Collected data
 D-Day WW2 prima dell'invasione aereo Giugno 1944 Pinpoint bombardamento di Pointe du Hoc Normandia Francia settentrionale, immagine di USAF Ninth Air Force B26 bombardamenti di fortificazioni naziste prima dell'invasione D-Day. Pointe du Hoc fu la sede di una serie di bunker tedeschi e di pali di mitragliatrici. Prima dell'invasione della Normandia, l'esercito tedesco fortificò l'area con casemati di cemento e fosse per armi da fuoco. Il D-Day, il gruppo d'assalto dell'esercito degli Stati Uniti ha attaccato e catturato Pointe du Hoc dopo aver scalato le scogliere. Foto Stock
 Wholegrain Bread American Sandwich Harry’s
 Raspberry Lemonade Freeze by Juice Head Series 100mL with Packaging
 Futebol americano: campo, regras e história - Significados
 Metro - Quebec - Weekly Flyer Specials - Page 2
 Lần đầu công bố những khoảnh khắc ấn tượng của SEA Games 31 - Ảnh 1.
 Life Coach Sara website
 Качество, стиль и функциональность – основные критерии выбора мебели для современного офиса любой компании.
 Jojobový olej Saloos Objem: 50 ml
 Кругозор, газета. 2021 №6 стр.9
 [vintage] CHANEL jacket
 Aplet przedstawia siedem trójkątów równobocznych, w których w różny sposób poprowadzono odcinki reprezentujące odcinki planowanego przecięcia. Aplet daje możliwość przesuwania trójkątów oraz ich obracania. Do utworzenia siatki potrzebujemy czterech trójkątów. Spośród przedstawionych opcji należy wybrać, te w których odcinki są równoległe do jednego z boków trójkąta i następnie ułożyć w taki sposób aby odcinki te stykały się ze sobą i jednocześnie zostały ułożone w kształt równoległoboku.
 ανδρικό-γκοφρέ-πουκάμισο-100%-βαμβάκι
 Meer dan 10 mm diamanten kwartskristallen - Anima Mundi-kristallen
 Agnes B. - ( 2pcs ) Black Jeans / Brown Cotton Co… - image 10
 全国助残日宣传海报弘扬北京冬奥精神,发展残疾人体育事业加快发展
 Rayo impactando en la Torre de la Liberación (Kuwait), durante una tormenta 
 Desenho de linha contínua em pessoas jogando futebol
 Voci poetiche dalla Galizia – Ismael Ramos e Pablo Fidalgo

§ Assigned task
Up to and including the line that holds "Metro - Quebec", reproduce the records above exactly from their first line, and give nothing else.

§ Answer box
 D-Day WW2 prima dell'invasione aereo Giugno 1944 Pinpoint bombardamento di Pointe du Hoc Normandia Francia settentrionale, immagine di USAF Ninth Air Force B26 bombardamenti di fortificazioni naziste prima dell'invasione D-Day. Pointe du Hoc fu la sede di una serie di bunker tedeschi e di pali di mitragliatrici. Prima dell'invasione della Normandia, l'esercito tedesco fortificò l'area con casemati di cemento e fosse per armi da fuoco. Il D-Day, il gruppo d'assalto dell'esercito degli Stati Uniti ha attaccato e catturato Pointe du Hoc dopo aver scalato le scogliere. Foto Stock
 Wholegrain Bread American Sandwich Harry’s
 Raspberry Lemonade Freeze by Juice Head Series 100mL with Packaging
 Futebol americano: campo, regras e história - Significados
 Metro - Quebec - Weekly Flyer Specials - Page 2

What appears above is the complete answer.